In the third round at Imola Circuit, Berta secured pole position once again. He engaged in a close battle with Galli through the opening part of the race, until the latter went off track, ultimately retiring after his car became stuck. This incident enabled Berta to take the victory ahead of Zeller and Smialek, propelling him to the top of the championship standings. In the second race, Zeller started from pole position and successfully held off challenges from Galli and Berta through an early safety car period, a restart, and the remainder of the race. In the F2.0 class, Tanju and Sartori each claimed a win, allowing Tanju to maintain his championship lead unchanged.

Galli was back in front in qualifying at the series’ return to Vallelunga. The first race saw both Berta and Zeller jump the start, resulting in penalties that allowed Galli to take a dominant and uncontested victory.

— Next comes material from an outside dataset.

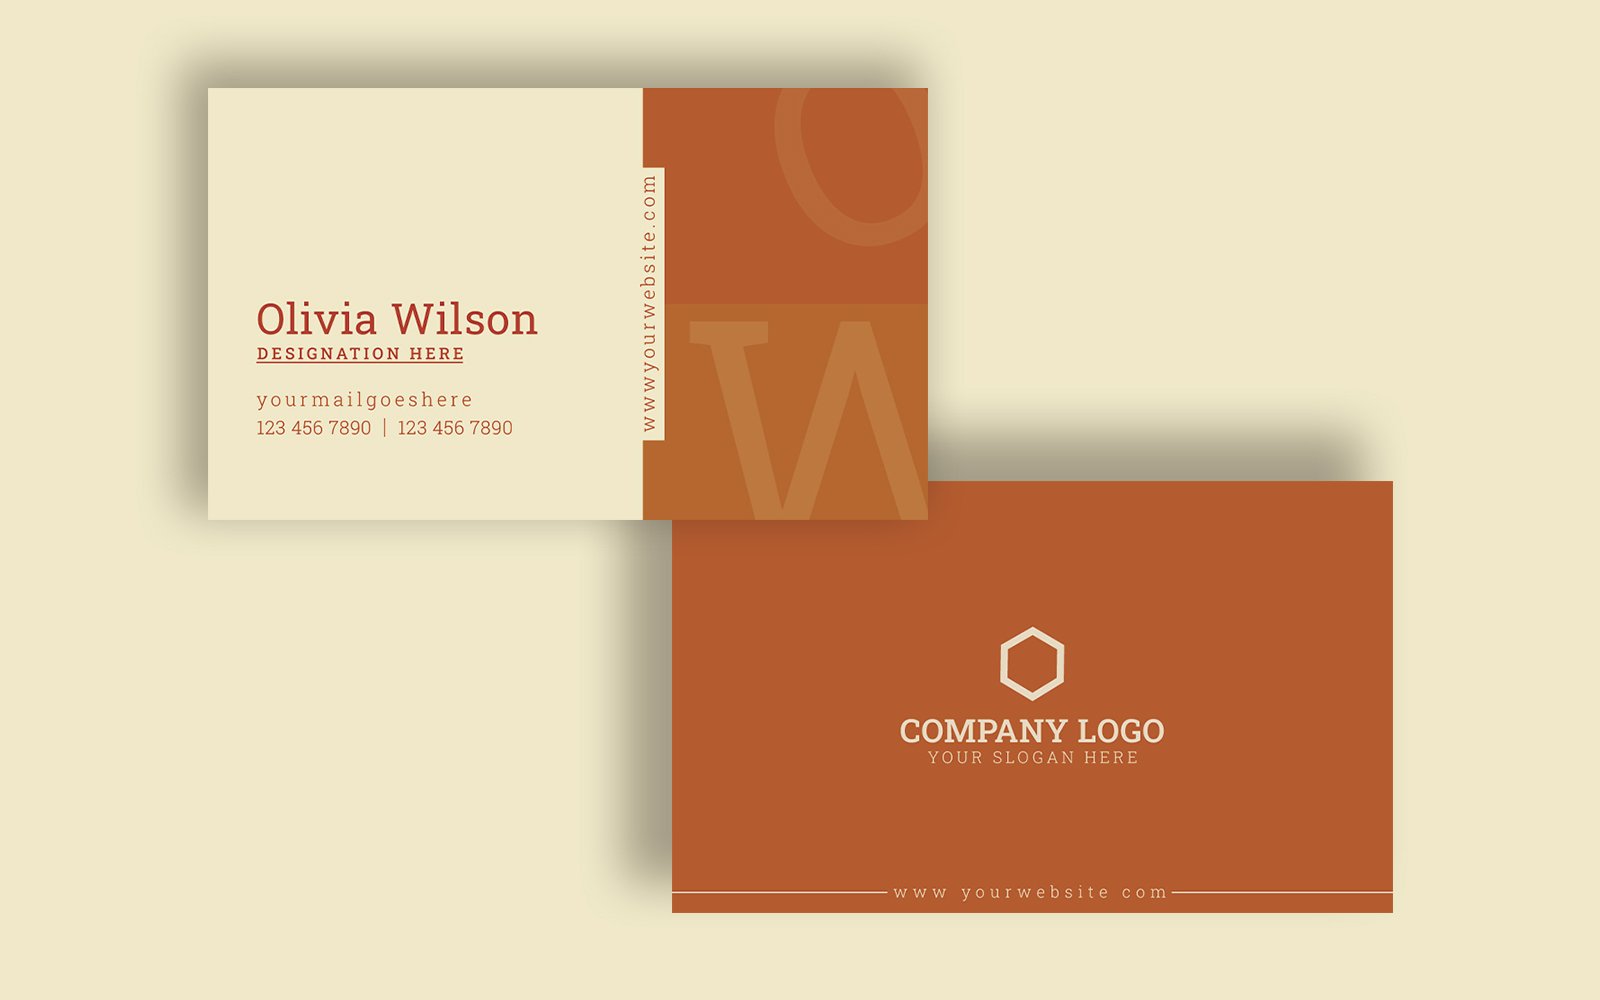 Template #364540 Corporate Graphic Webdesign Template - Logo template Preview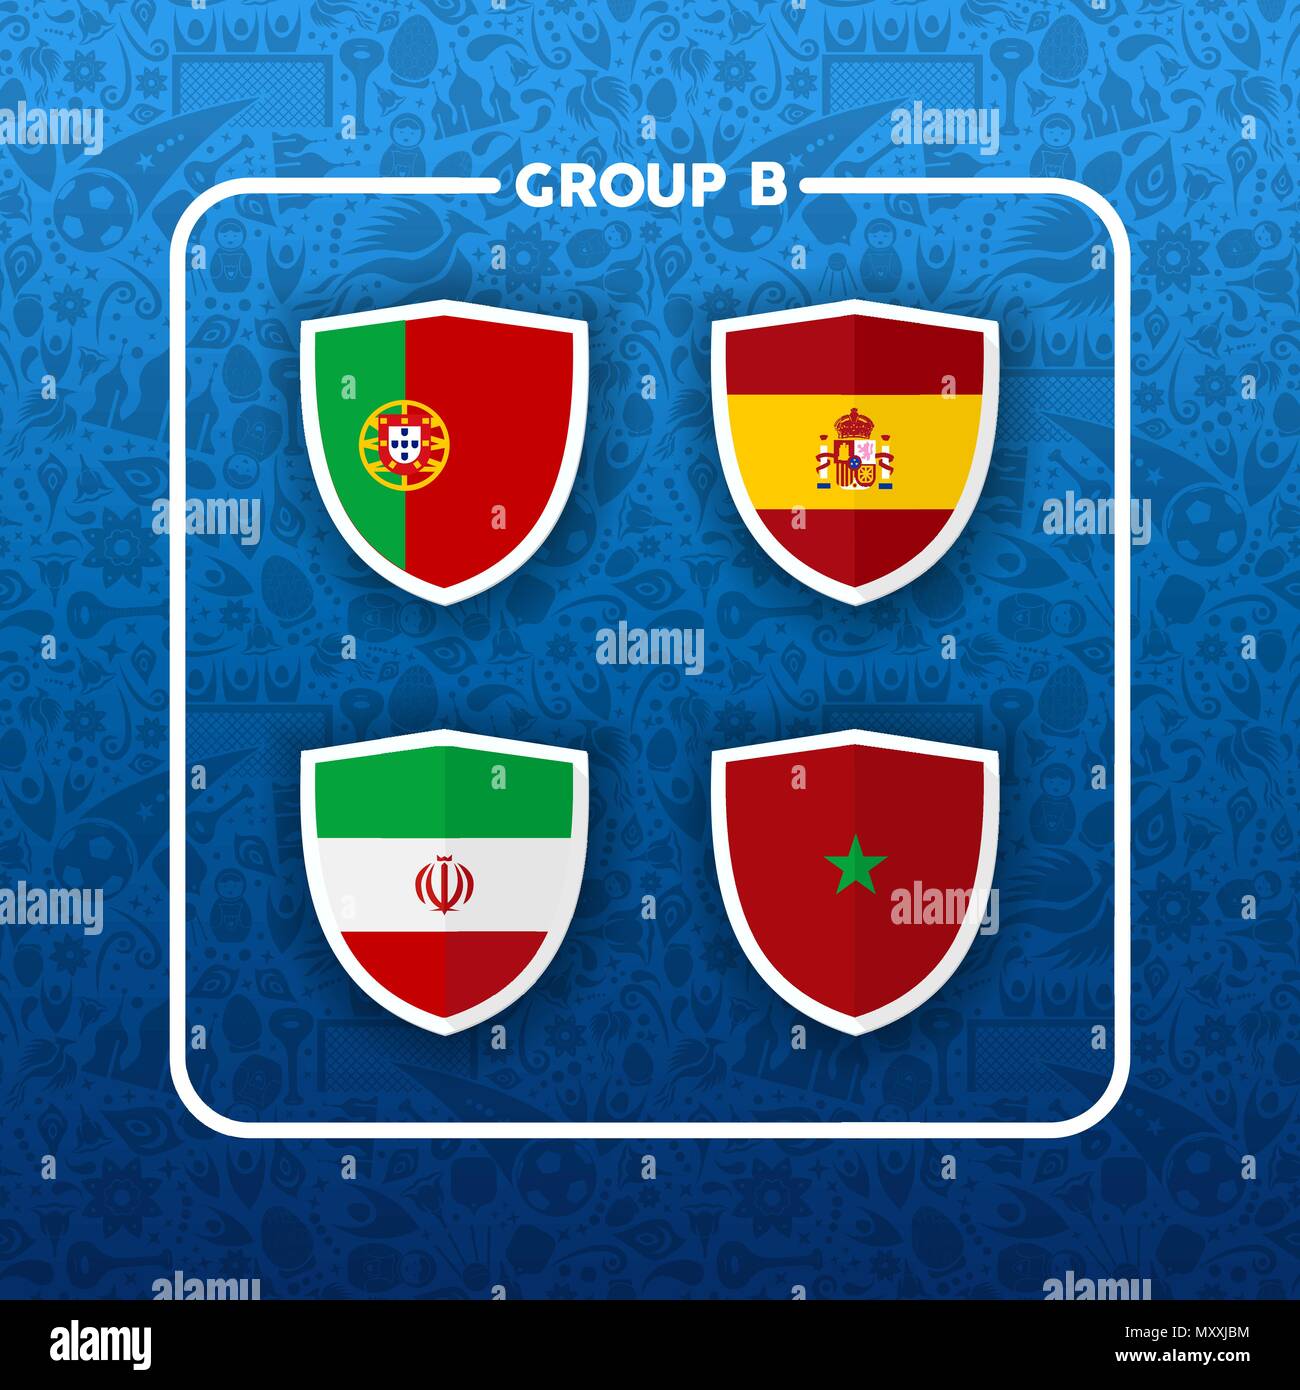 Soccer championship event schedule for 2018. Group B country team list of football match games. Includes Portugal, Iran, Spain and Morocco. EPS10 vect Stock Vector

Smialek and Perego joined him on the podium. In the second race, an intense battle for the lead unfolded between Galli and Berta, with Galli successfully defending against repeated challenges to secure his second win of the weekend. Zeller finished third, having bided his time for any mistakes from the front runners. Galli left Vallelunga back in the championship lead, while the F2.0 Cup skipped the event, leaving its points standings unchanged.

=== Second half ===
Mugello hosted the fifth round of the championship, where Berta secured pole position. In the opening race, Berta defended his lead from Galli, but a collision between the two title rivals resulted in Berta retiring with a puncture and Galli pitting for repairs. This saw Zeller win, finishing ahead of Smialek and NV Racing's one-off competitor Paolo Brajnik. In the second race, Galli stalled at the start, allowing Berta to win ahead of Zeller and Smialek after a race largely run under yellow. Galli came sixth, handing the championship lead back to Berta. The F2.0 Cup was back in action, with STAC's Jérémy Clavaud securing both wins, while a retirement for Tanju allowed Sartori to take the class points lead.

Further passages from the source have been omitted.